This is a guest post by Matthew Heusser.
If you study test literature, you’ll see that most of it don’t talk about knowing when testing is done. Testing is done when all the tests have run, goes the thinking. Yet test ideas occur as the testing is proceeding. Often, five minutes of testing will net 10 additional minutes of test ideas.
So when do you stop? How much testing is enough?
In a graduate software engineering class, my old professor, Paul Jorgensen, showed his research on the triangle problem — a simple computer program that took three inputs and provided one output. Jorgensen found that every book and article on the subject had a different number of test ideas listed.
What all those books missed was context. The “right” amount of testing depends on social and political factors as much as it does technical factors.
The same is true for your own testing. Let’s examine seven ways you can decide you are done testing.
1. You walked through all the test ideas you were given
The feature or story came with some sample scenarios, and you ran through all of them. That means you let someone else do the heavy lifting of test design and did only what they wrote. However, some of the best ideas in testing occur to the engaged tester as they are doing the work, so there may yet be more to do. But if you were asked to stay within a specific scope, finishing the list is an easy way to know you’re done.
2. The time for testing ran out
Someone bursts into the room, saying the software must ship. (OK, perhaps it was presented in a more subtle way.) You may have something new to test at this point, but you’re unable to do two things at once. Or maybe the “To test” column of the board is filling up. Like it or not, we have a finite amount of time for testing, so these may be good indicators that it’s time to stop.
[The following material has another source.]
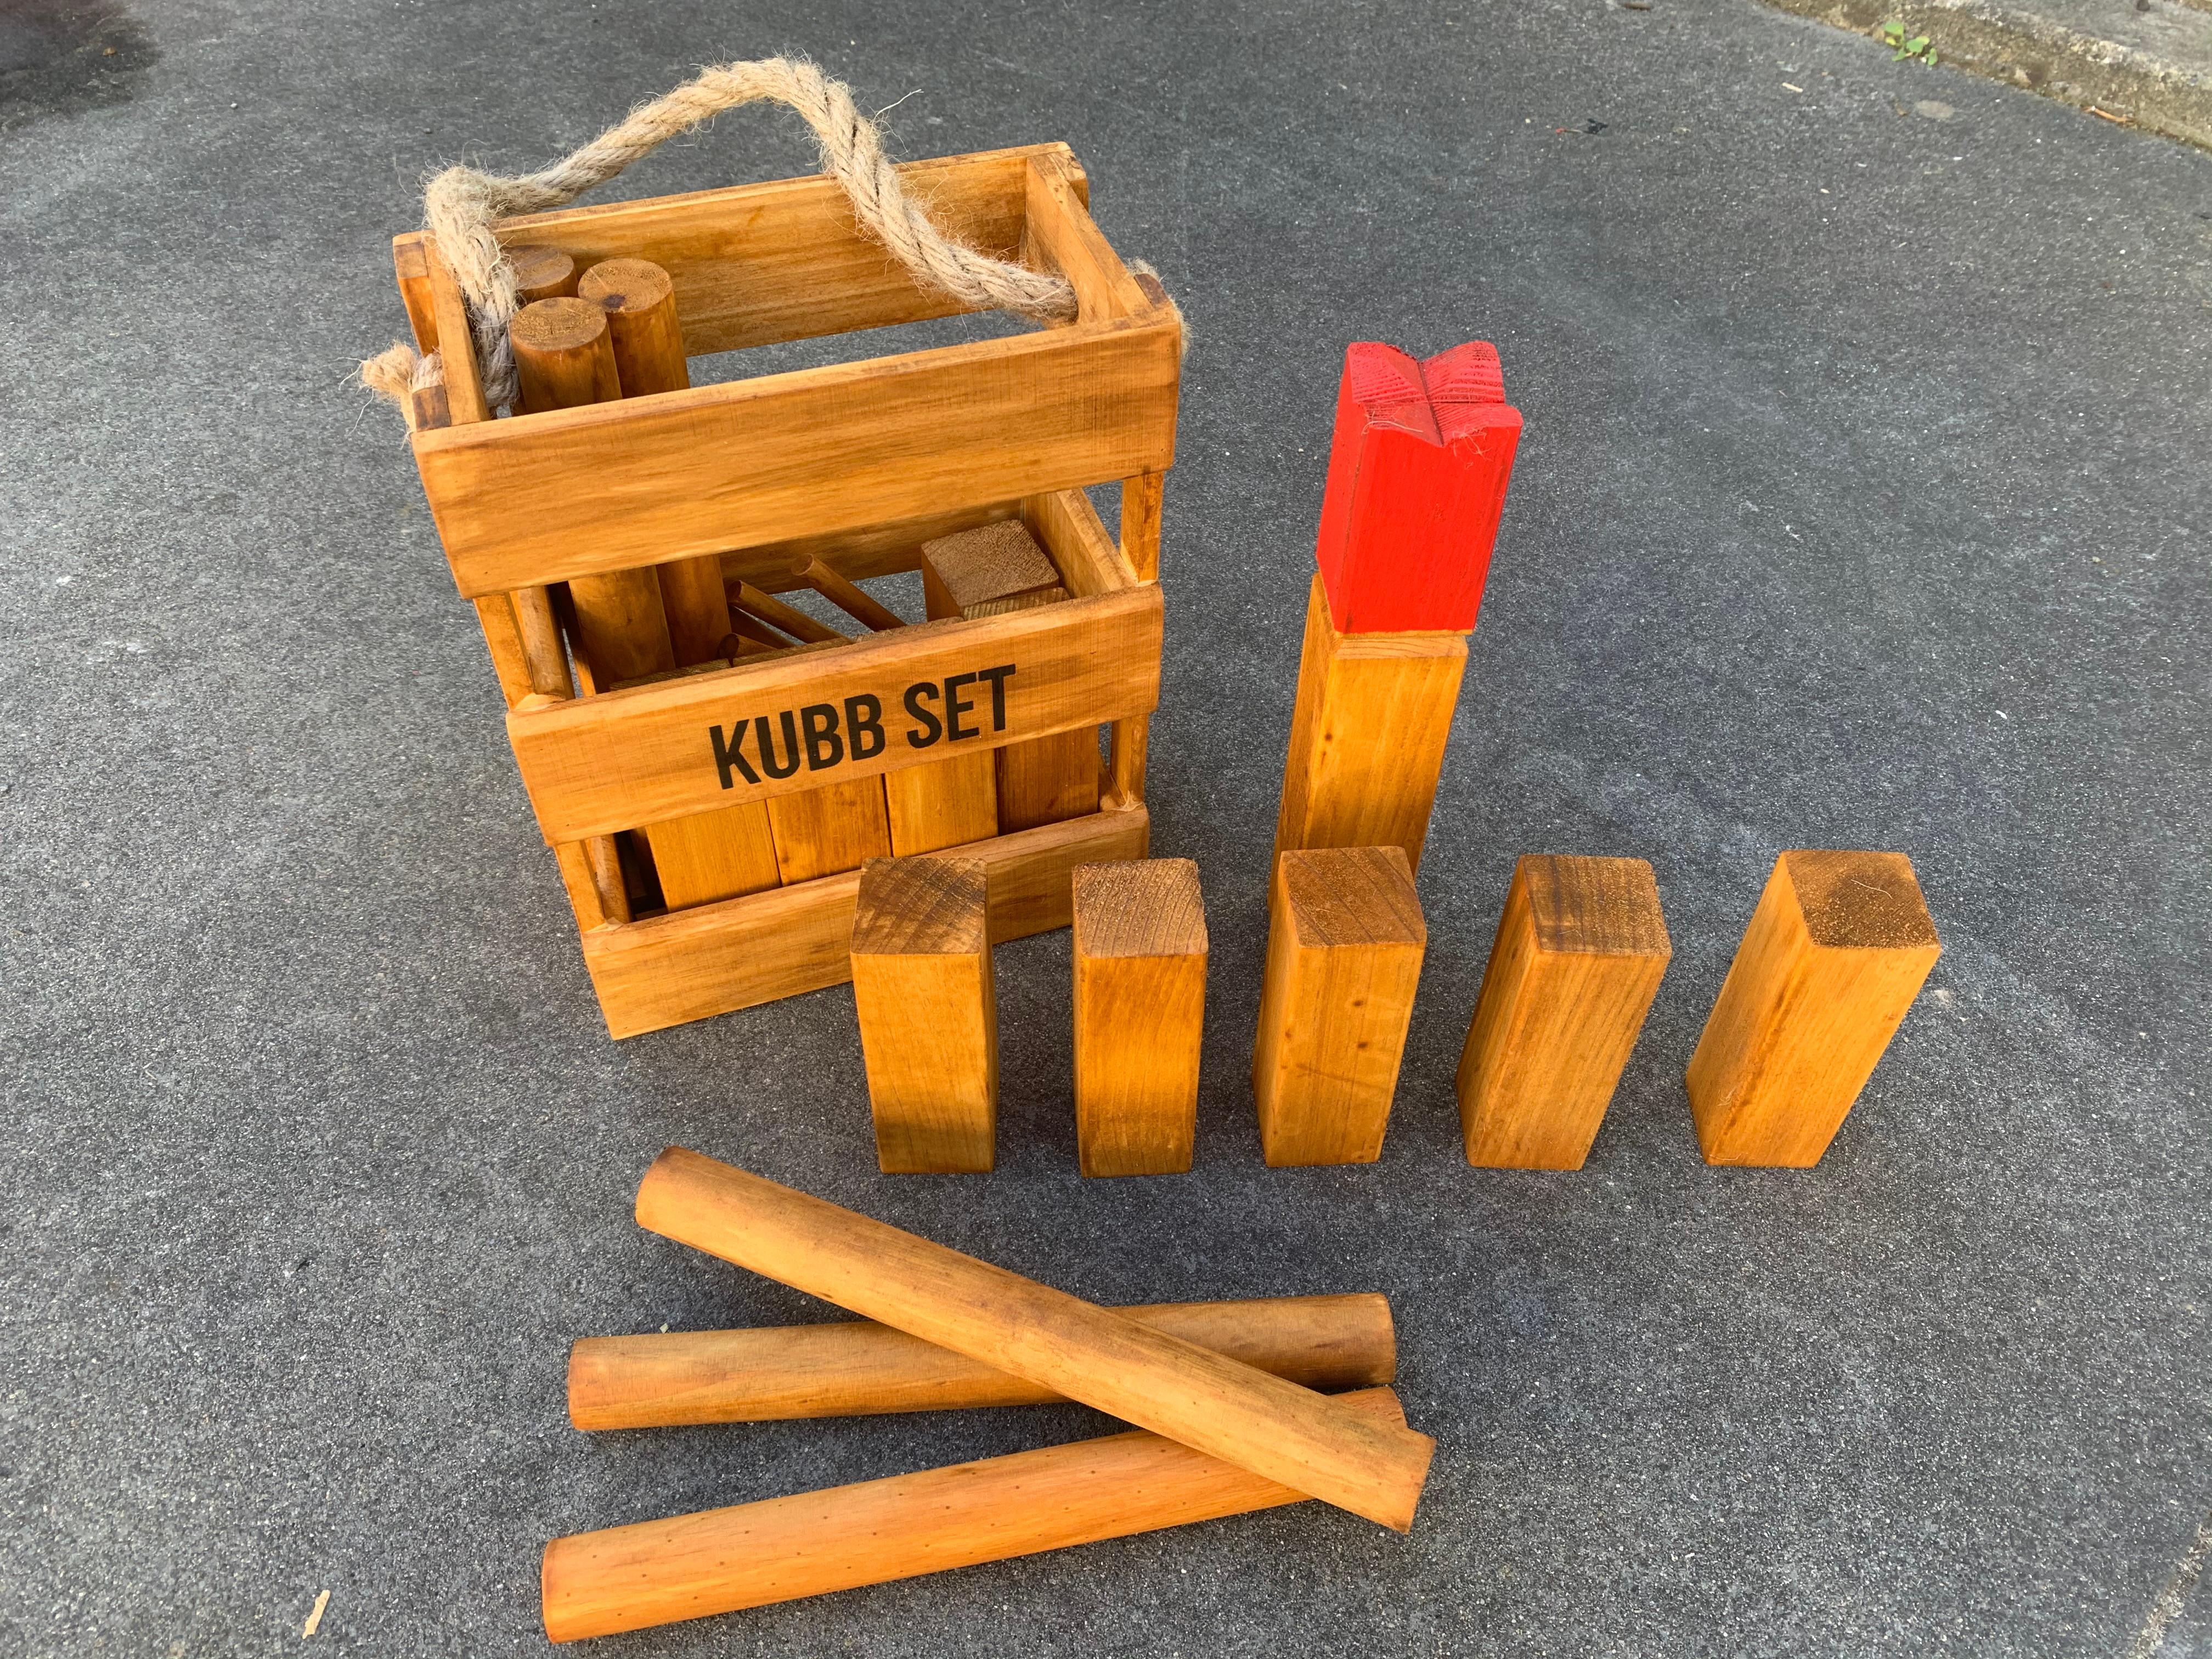 Kubb outdoor game

3. You’re experiencing diminishing returns
This strategy is similar to the way you know that popcorn is done in a microwave oven; as time goes on, the pops get farther and farther apart. You stopped finding bugs a long time ago, and the test ideas you have are sufficiently hard to run that you think they will yield lower results. Better yet, even if they did have errors, the errors would be small, or only happen with a complex and rare setup. It’s not worth continuing testing.
4. Testers are exhausted
This is related to diminishing returns but works better when the change is limited in scope (the team is only deploying a change to search) and rolls out to a limited set of power users through feature flags. If the impact is limited, you can say, “There are probably more bugs here, but we can let the customers find them and roll back if we have to.” Having this option is better than not having it.
5. Your test ideas are out of scope
Management looked at the list of test ideas you have and said, “We can live if those things fail.” Just ask them to put it in an email.
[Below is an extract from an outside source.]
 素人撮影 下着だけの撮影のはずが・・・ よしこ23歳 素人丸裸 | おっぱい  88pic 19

6. Remaining test ideas are below the cut line
For some reasonable reason, management (or the team) decided how much time to invest in testing. This might be four hours. You organize the tests, prioritize them, and run them until time runs out. That’s a lot different from having a pile of test ideas on the floor in no order and stopping at an arbitrary point. If you can, get buy-in on that sorted order. When bugs show up, if they are below the cut line, that needs to be the result of management’s (or the team’s) decision.
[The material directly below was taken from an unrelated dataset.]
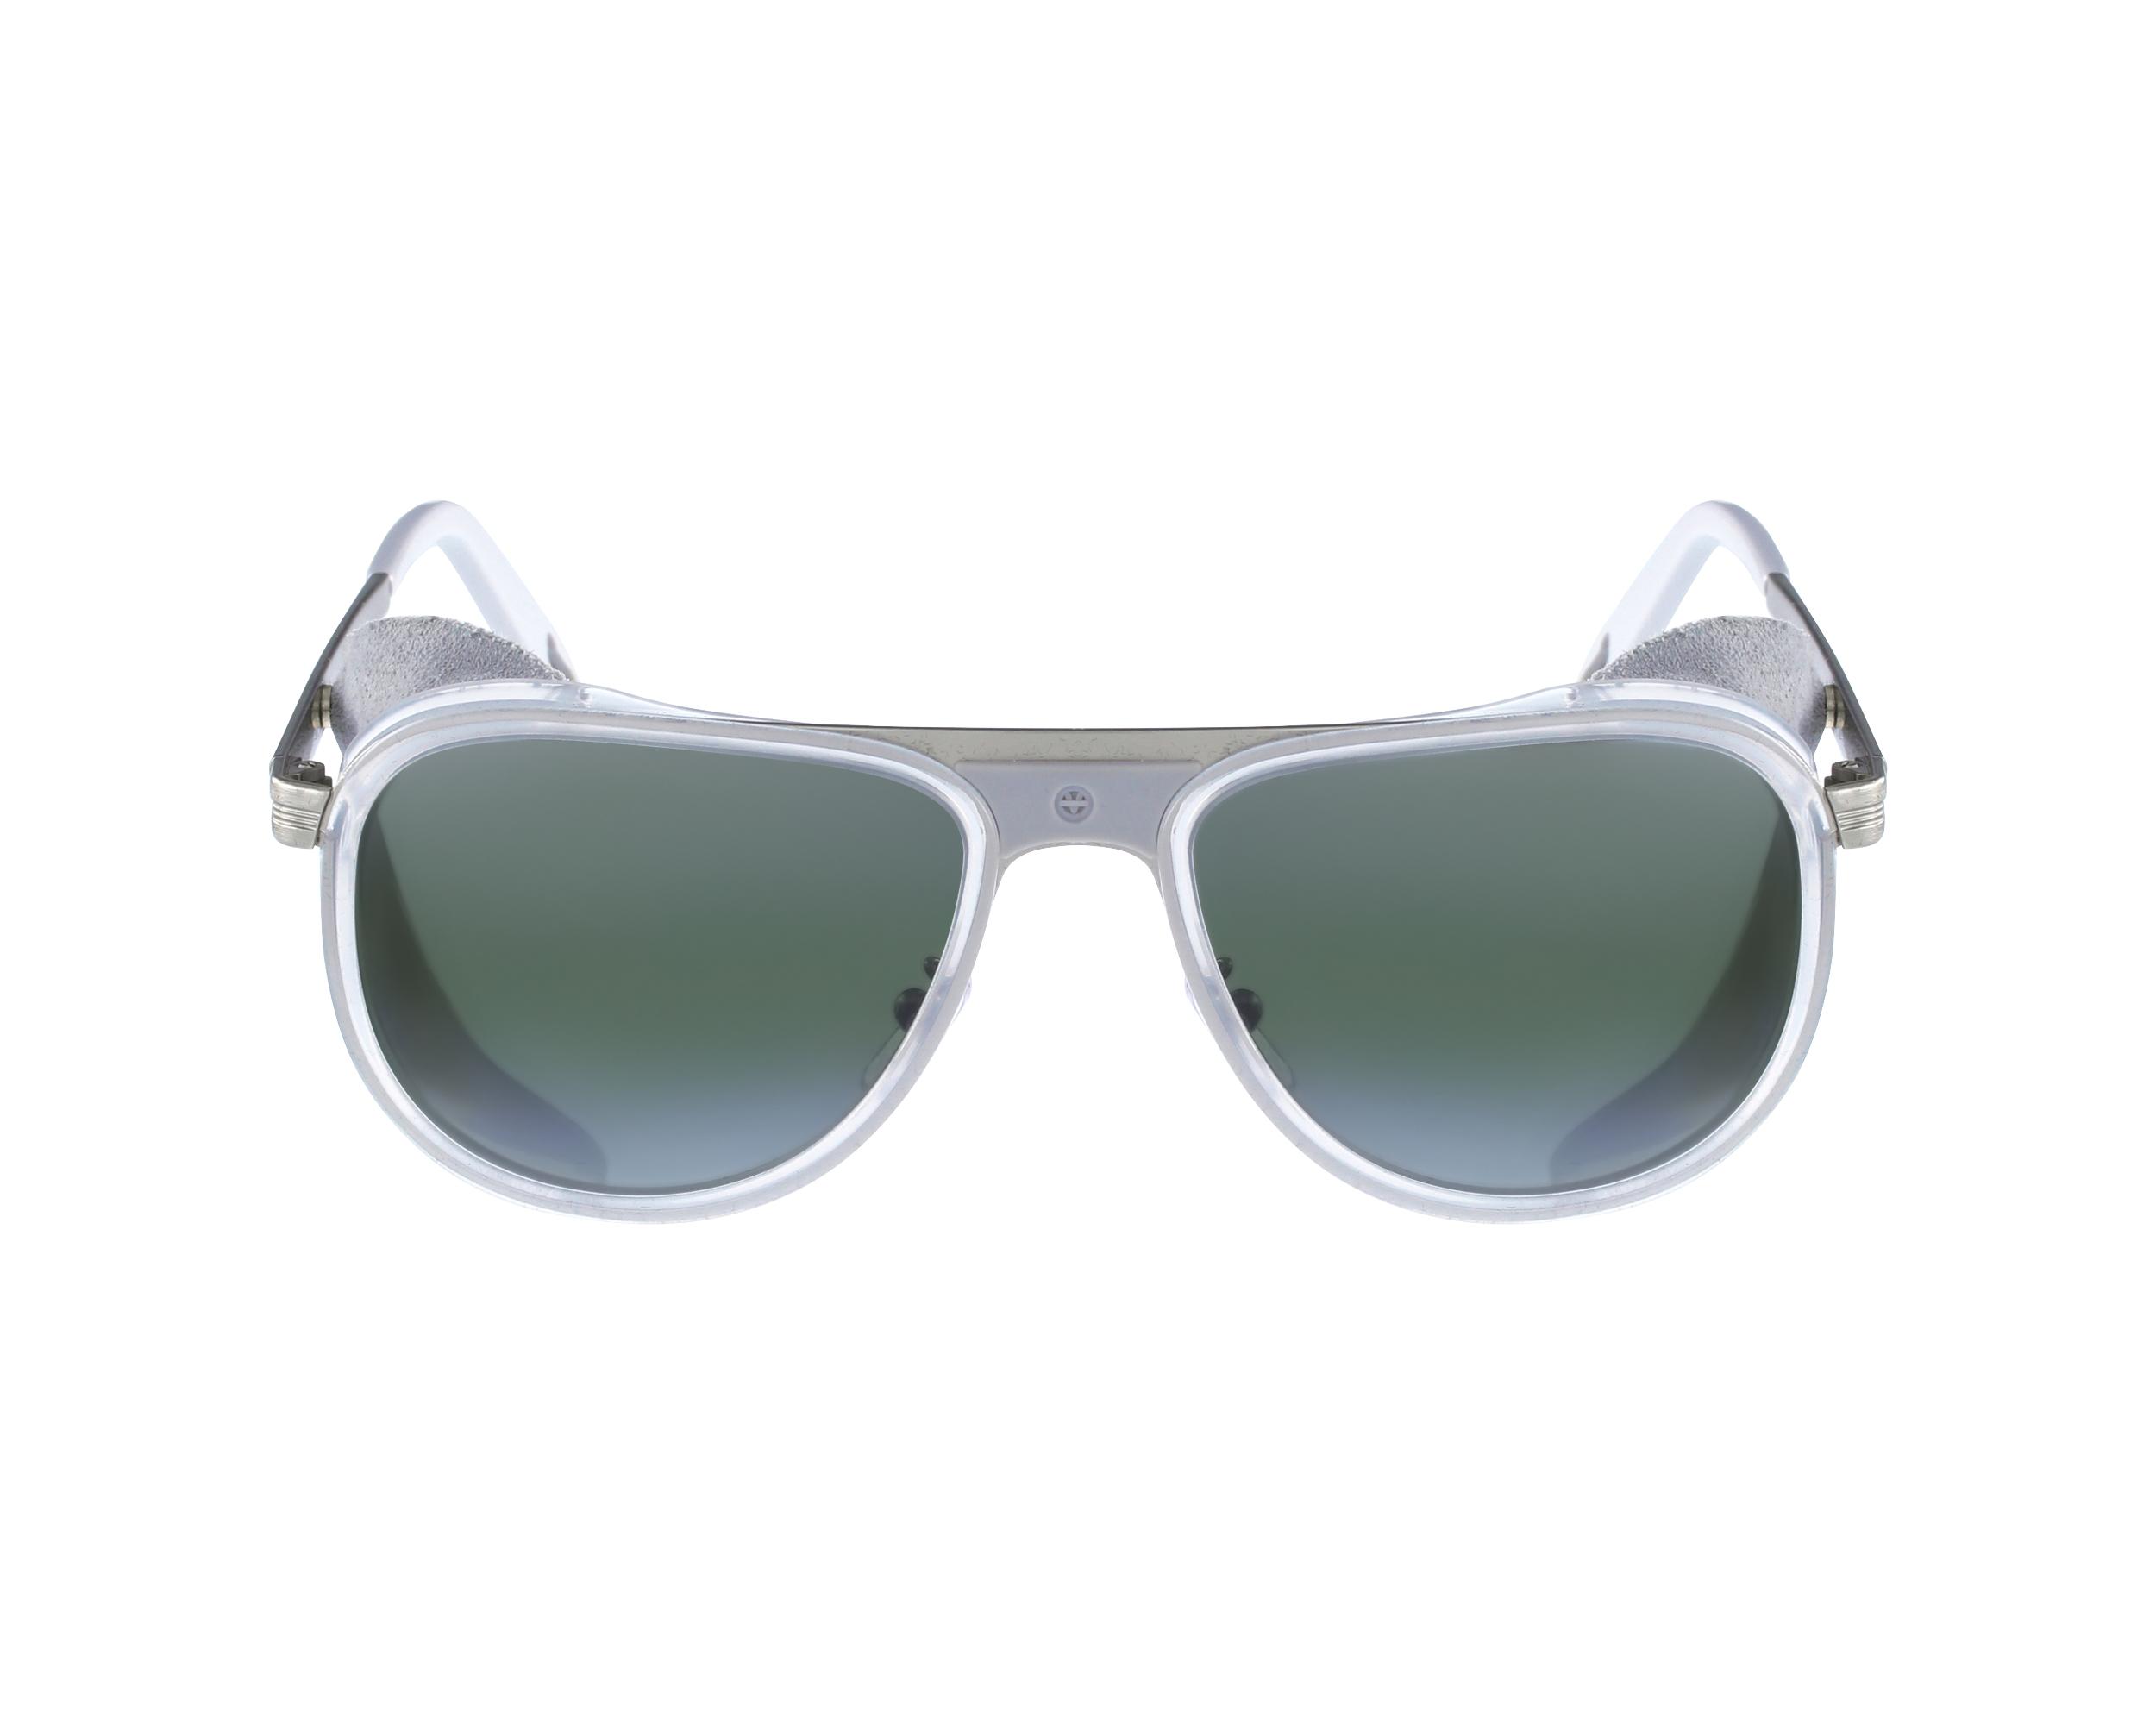 Gafas de sol Vuarnet VL-1315 0003-1136 60-19 Plata vista de d5836f31a4fa

7. Tests are below an agreed-on priority
Karen Johnson’s RCRCRC heuristic provides the tools to decide what to test for a specific build, instead of doing the same thing every time. That list asks you to consider changes that are recent, core, risky, configuration-sensitive, recently repaired, or chronic. Use custom fields to your test cases to help decide what to test for this build, perhaps with a weight, and sort for the things that score high enough to test. Over time, track what bugs are missed and improve your algorithm.
Conclusion: Create a test strategy
One thing you’ll notice above is a recurring theme of published test ideas. These are transparent and available to everyone. Put them in your test case management tool. Call them charters and measure sessions or threads, and get as high-level or as detailed as you like — but have a list. Once you have that list, you can start to talk about coverage in a meaningful way.
Provide for the micro situation of when to stop testing a feature and the macro of when to stop testing the integration of features, and you may just find you have a test strategy that stands up to scrutiny under conditions of uncertainty and ambiguity. That’s a lot more than many organizations can say.
The list above helps aid in decisions when trust is low. When trust is higher, you can just test when you know it’s time to be done.
P.S. Over a decade ago, Michael Bolton wrote a great piece on stopping heuristics: guidelines for when to stop testing. I did not review that article before writing this, as I was trying to bring a fresh perspective. Reading it now, If you want a quick and dirty set of tripwires for your testing — “if you’ve stepped over this, you might be done” — check it out.
Matthew Heusser is the Managing Director of Excelon Development, with expertise in project management, development, writing, and systems improvement. And yes, he does software testing too.